The Supercopa de España de Baloncesto (English: Spanish Basketball Supercup) is a Spanish annual men's professional basketball competition. The competition is a super cup tournament.

History
The Supercopa was created in 1984 by the recently established Asociación de Clubs de Baloncesto (ACB) in which the league winner faces the cup winner in a single-game final. During its first four editions (1984–1987), the Supercup was also known as Federation Cup, as the tournament was jointly organized by the Spanish Basketball Federation (FEB), and it was held in the middle of the regular season. In 1988–89 season, the Supercup was not played for lack of competitive interest, and finally it was officially cancelled at the beginning of the 1989–90 season.

In 2004, almost two decades after its demise, ACB restored this classic tournament and renamed it Supercopa ACB (since 2011 known as Supercopa Endesa for sponsoring reasons). In order to achieve a higher competitive status, it was moved to the ACB pre-season and turned into a typical Final Four stage, including both the League and Cup winners from the previous season, the host team and the best qualified Spanish club in European competitions.

Format
Since 2004, four teams join the competition, played with a Final Four format the week before the start of the ACB season.

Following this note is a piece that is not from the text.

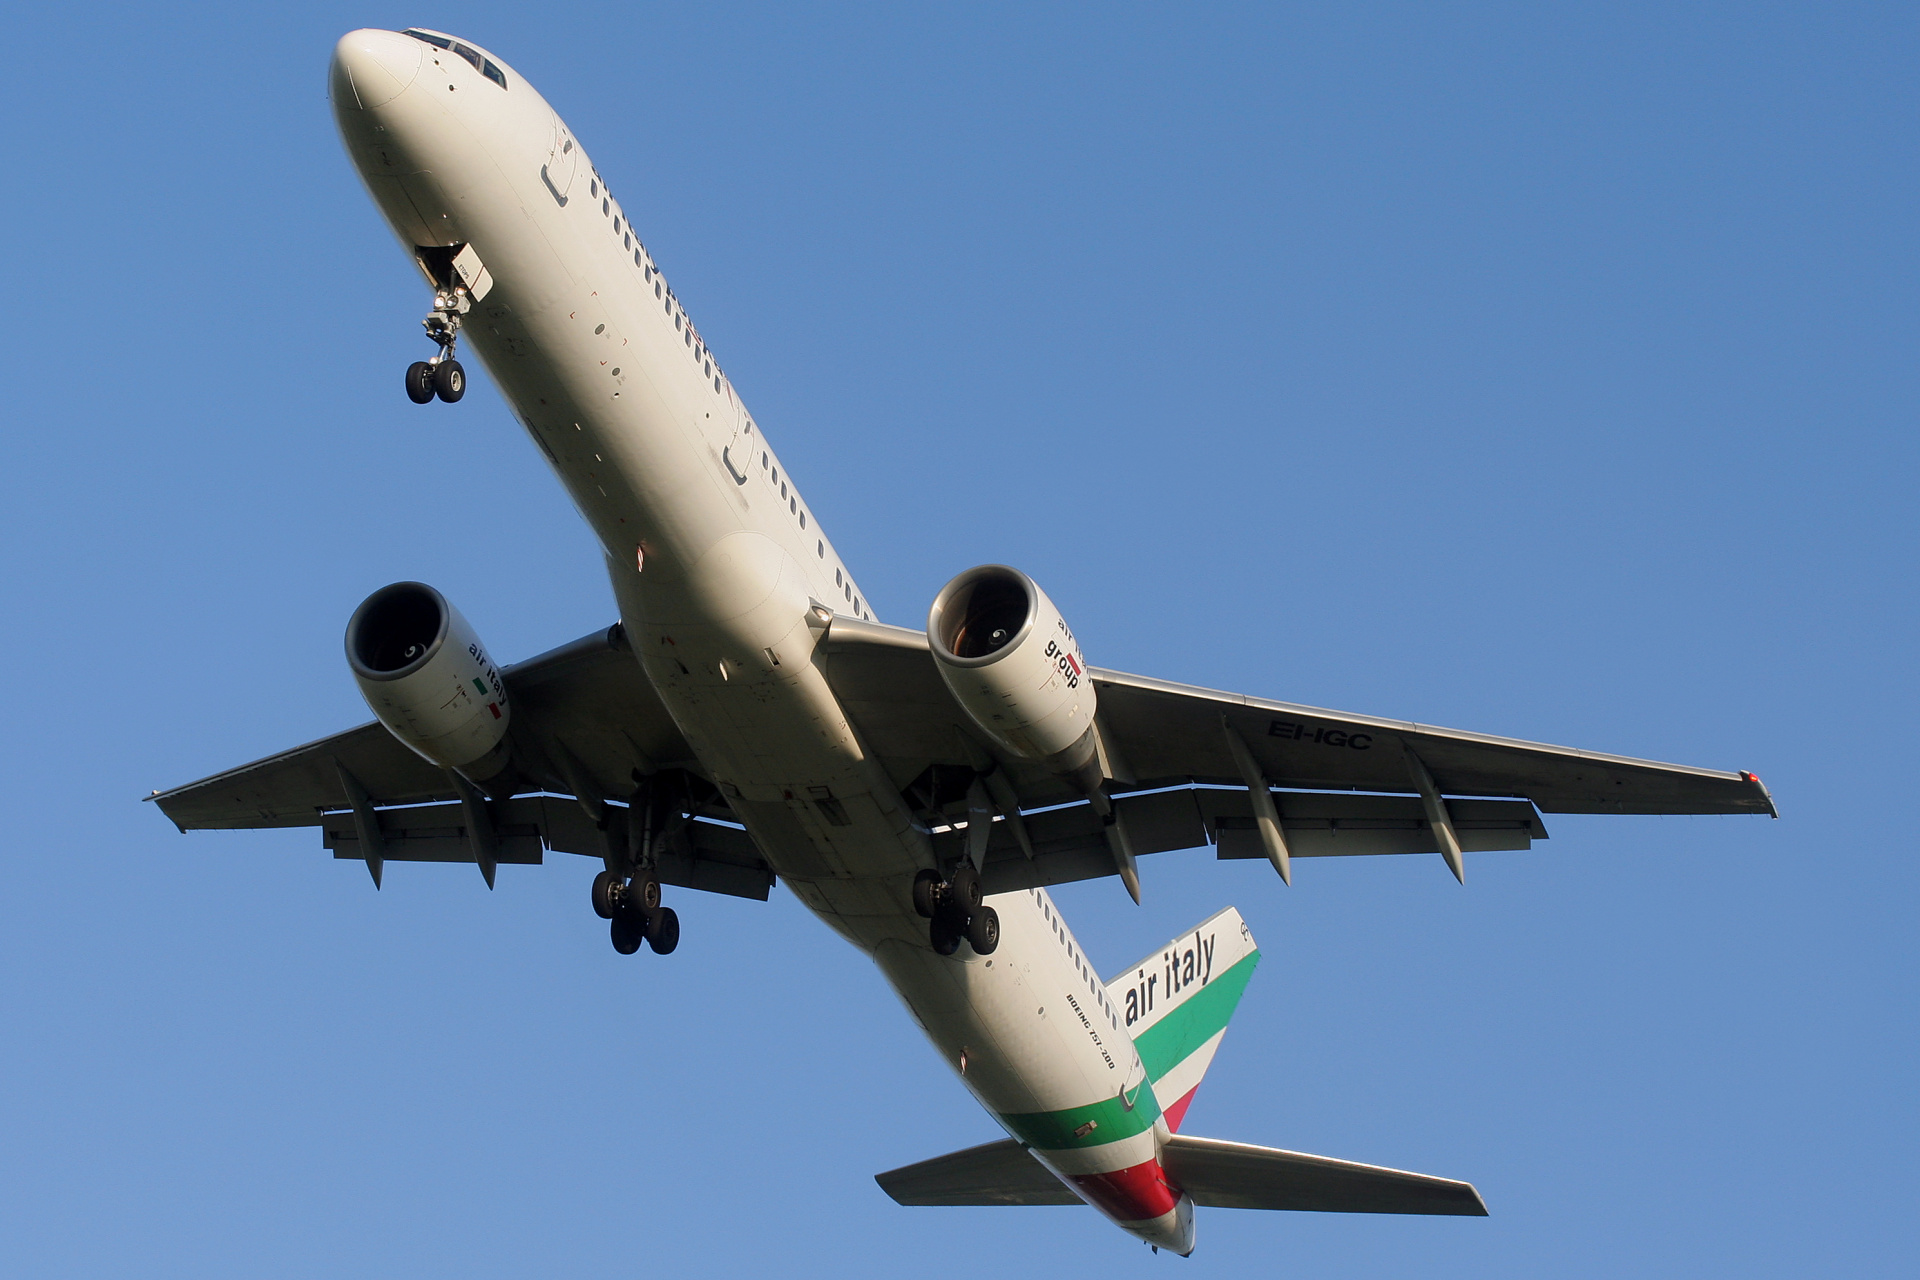 EI-IGC (Samoloty » Spotting na EPWA » Boeing 757-200 » Air Italy Polska)

During the Supercopa, a three-point shootout is also played between ACB players and, sometimes, players of the Spanish women's league or amateur players.

Selection criteria
Teams that take part in this competition are:

 Host team
 Liga ACB champion
 Copa del Rey champion
 Supercopa de España champion
 If vacancies exist, they will be awarded in the following order:
 Liga ACB runner-up
 Liga ACB third-placed team
 If a vacant continues existing, the best qualified at Liga ACB will get the spot.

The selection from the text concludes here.